In his speech to the 550-member parliament in Ankara, Israeli President Shimon Peres suggested Turkey’s growing regional involvement gives it a role to play in helping solve the Middle East conflict.

“Turkey can make a unique contribution as both a global architect and a local actor,” Peres said.

“We may be saying different prayers, but our eyes are turned toward the same sky and toward the same vision for the Middle East,” he said in Hebrew, with translation into Turkish.

Peres and P.A. President Mahmoud Abbas came to Ankara to sign an agreement creating a joint industrial park on the West Bank-Israel boundary that is to be operated with Turkish help.

Cengiz Candar, a leading Turkish political analyst, says the industrial park project is indicative of the niche role Ankara – which has strong ties with Israel as well as Syria and Iran – would like to carve out for itself in the region.

“This whole exercise is a display of Turkey projecting ‘soft power’ in the Middle East,” Candar said. “Turkey can play the role of a facilitator.”

Turkey’s newly vigorous Middle East foreign policy is not without risks, analysts warn.

Its reputation on Capitol Hill suffered damage in February 2006 when the country hosted a visit to Ankara by Hamas’ leader in exile, Khaled Meshaal.

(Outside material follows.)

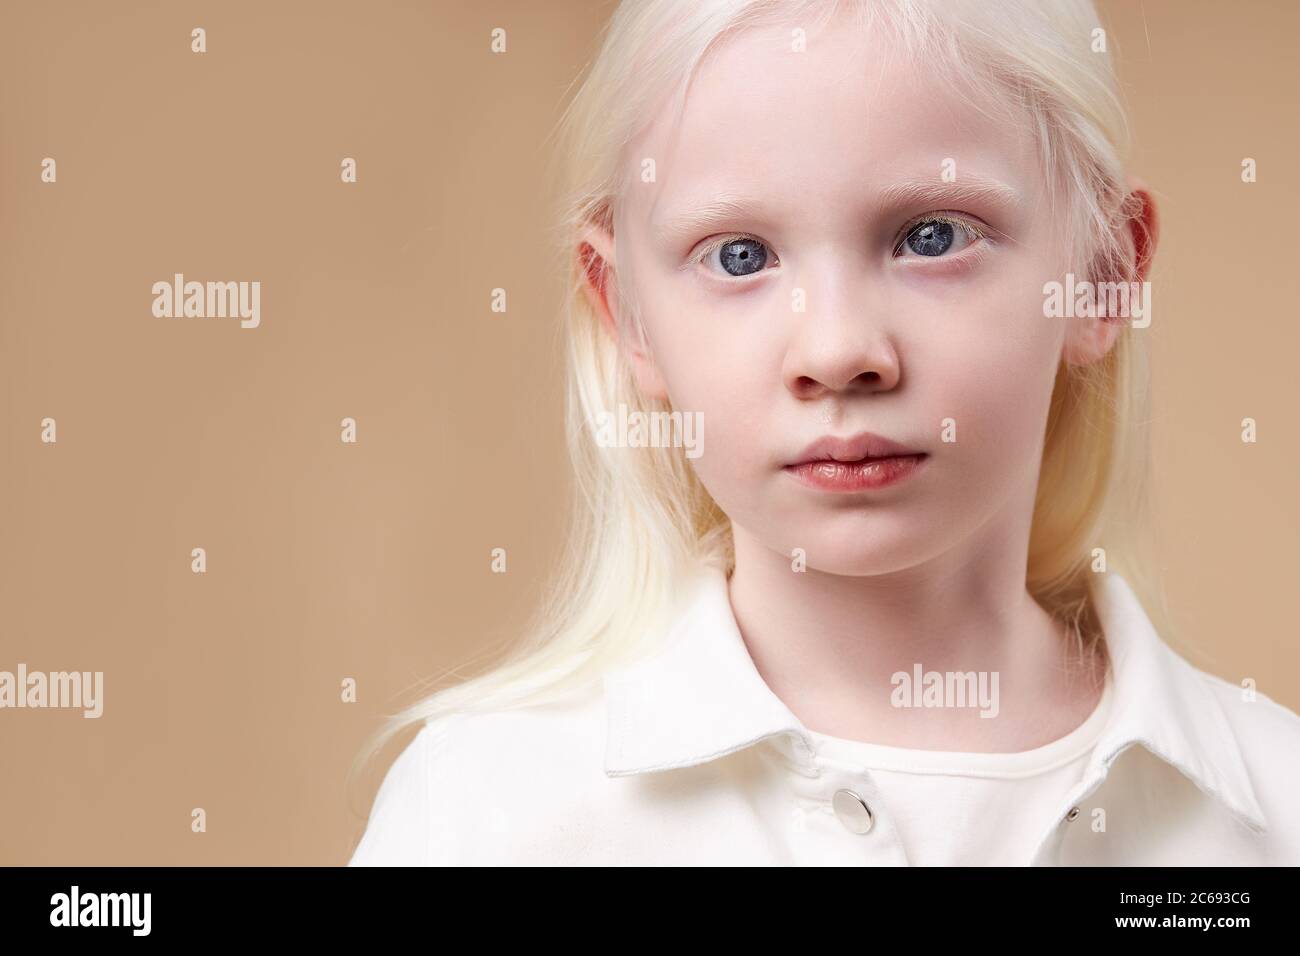 Portrait Of Albino Kid Girl With White Skin And White Hair Blonde Girl With Unusual Natural Beauty Albinism Concept Stock Photo Alamy

Israel and members of the U.S. Congress immediately denounced the visit.

On the domestic front, Ankara’s growing relations with its Muslim neighbors has led some critics from the secular establishment in Turkey to accuse the government of pursuing an “Islamic” foreign policy in the Middle East that would reorient Turkey eastward.

“Domestically there is both excitement and concern about this new foreign policy in the Middle East,” said Murat Yetkin, an Ankara-based columnist for Radikal, a leading daily newspaper. “The excitement comes from rediscovering a geographical area you were once familiar with. On the other hand, there is concern about getting engaged too much.”

For Israel, despite the remarkable visit to parliament by Peres, Turkey’s new Middle East approach presents a mixed bag.

While it offers opportunities, such as Ankara playing the role of intermediary between Jerusalem and Damascus, the approach also diminishes some of the closeness Turkey and Israel have enjoyed in the past as isolated allies in a generally unfriendly region.

Over the last few years, the AKP government often has been more critical of Israeli actions than previous Turkish governments.

“The Turkey-Israel relationship is a lot less comfortable for Israel than it was six or seven years ago,” said Alon Liel, a former Israeli diplomat in Turkey who later became chairman of the Turkey-Israel Chamber of Commerce.

Liel attributed the change to the rise of figures such as Turkish Prime Minister Recep Tayyip Erdogan and President Abdullah Gul, whom Liel said “are much more balanced in their relations with the Arab world than their predecessors.”

Nevertheless, any expanded role Ankara wants to play in the Middle East, particularly that of a mediator in the Arab-Israeli conflict, will force Turkey to maintain its strong relations with Israel, Lehigh’s Barkey said.

“The Turks have a potential role to play,” he said. “The one very smart thing that the AKP has understood is that if you are going to have influence among the Arab countries, you have to have good relations with Israel.”